►

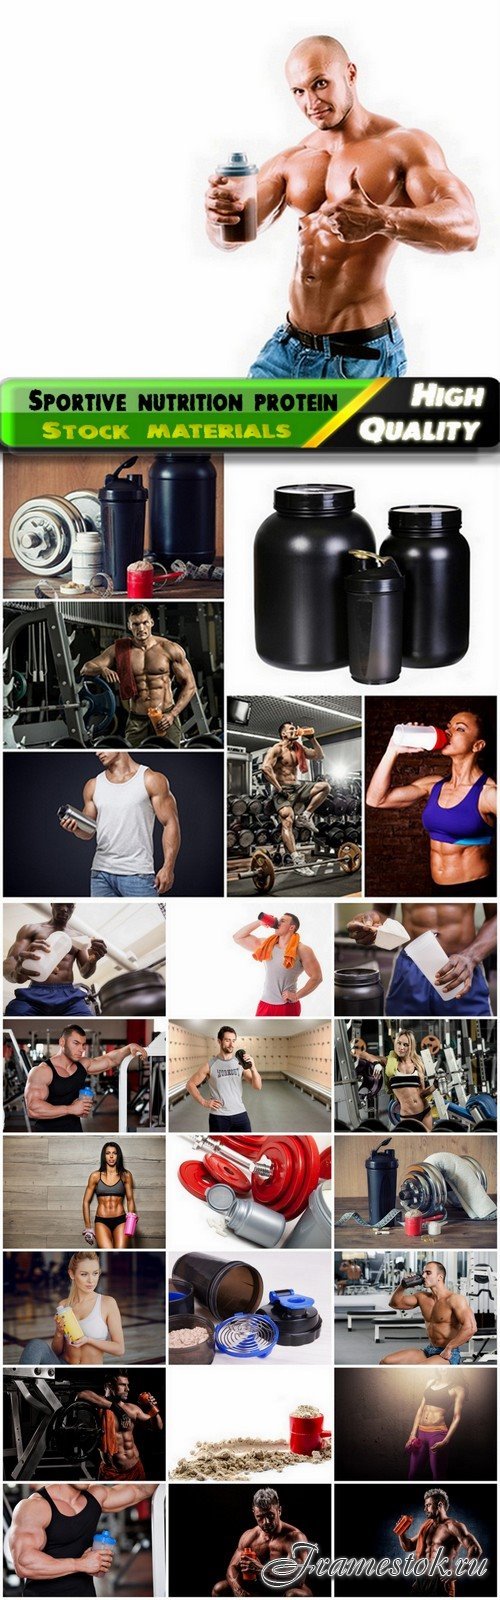 Gym and drink sportive nutrition protein of shaker - 25 HQ Jpg
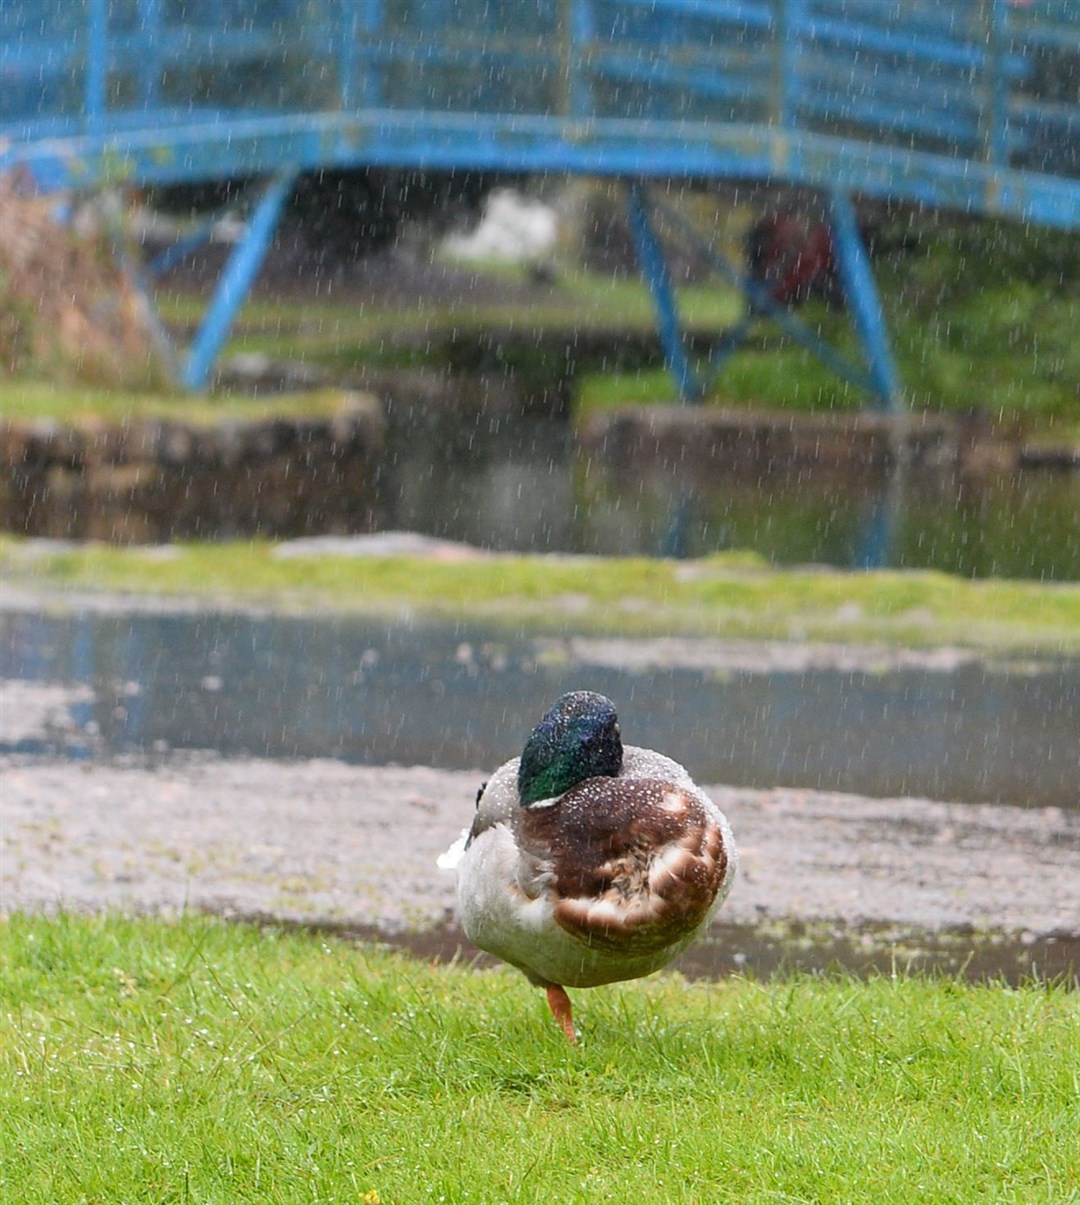 Even the ducks took shelter from the rain.
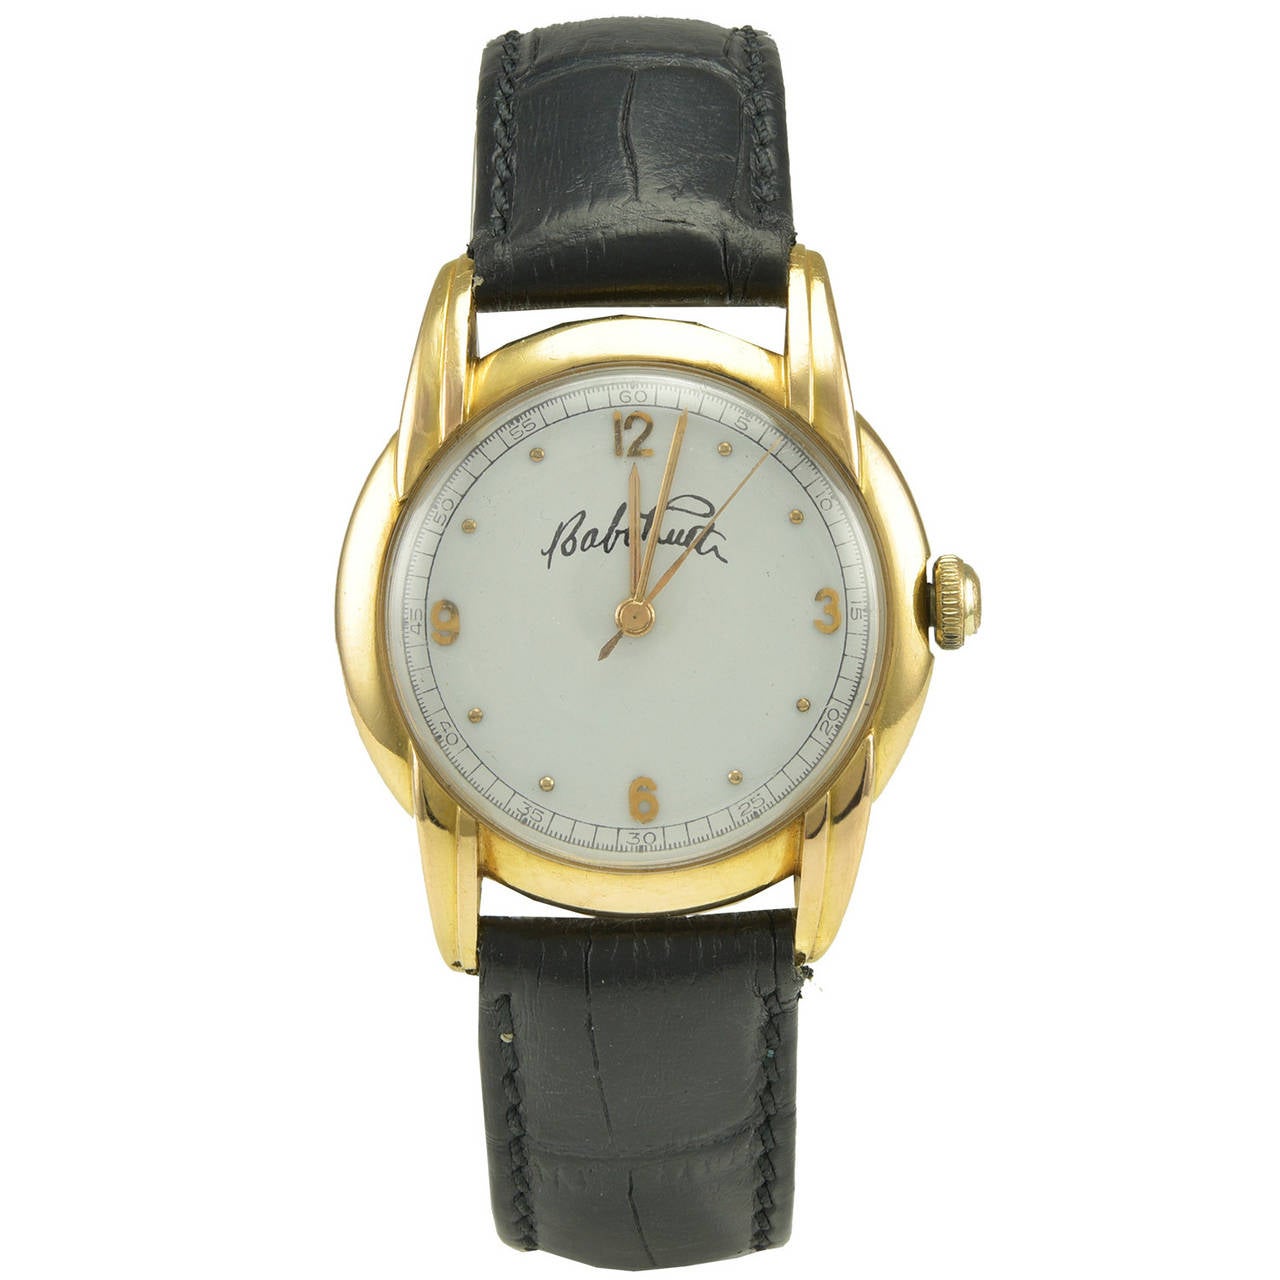 "Babe Ruth" Gold Watch
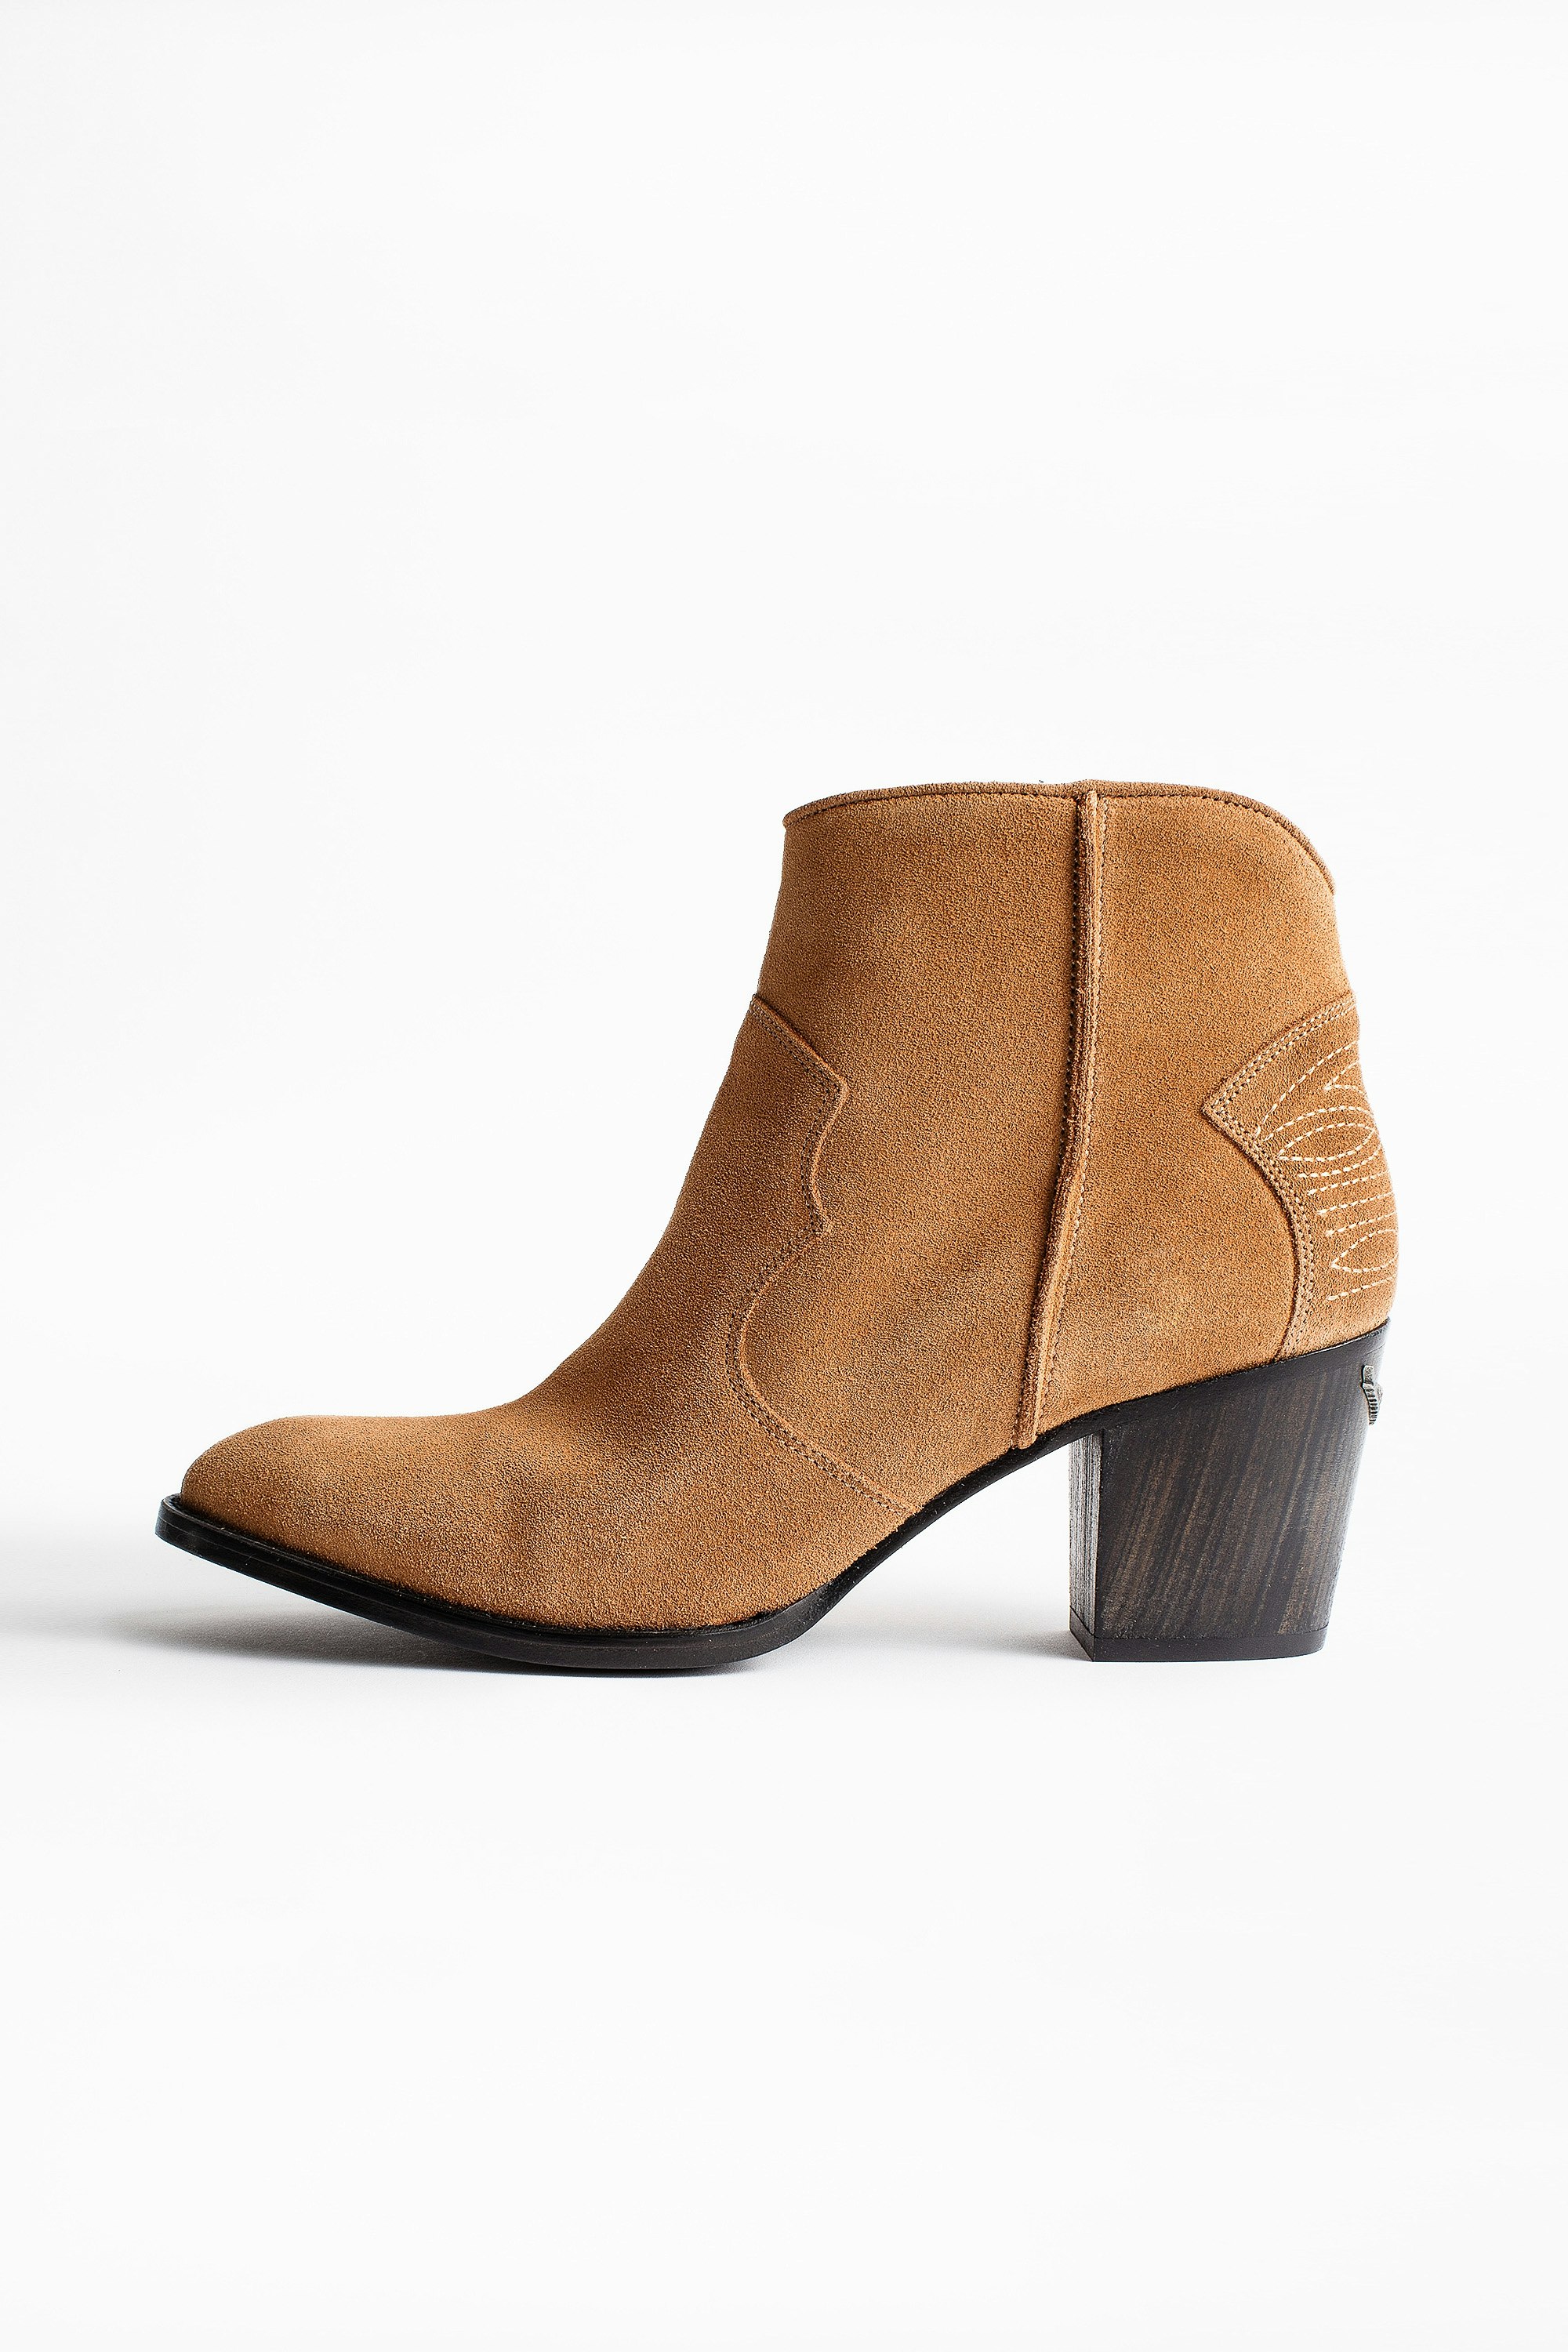 Molly Suede Ankle Boots - boots women

◄

■ **WHAT YOU SHOULD DO**
All the lines above are to be given again exactly as they read, with the pictures removed.

■ **SOLUTION**
 Gym and drink sportive nutrition protein of shaker - 25 HQ Jpg
 Even the ducks took shelter from the rain.
 "Babe Ruth" Gold Watch
 Molly Suede Ankle Boots - boots women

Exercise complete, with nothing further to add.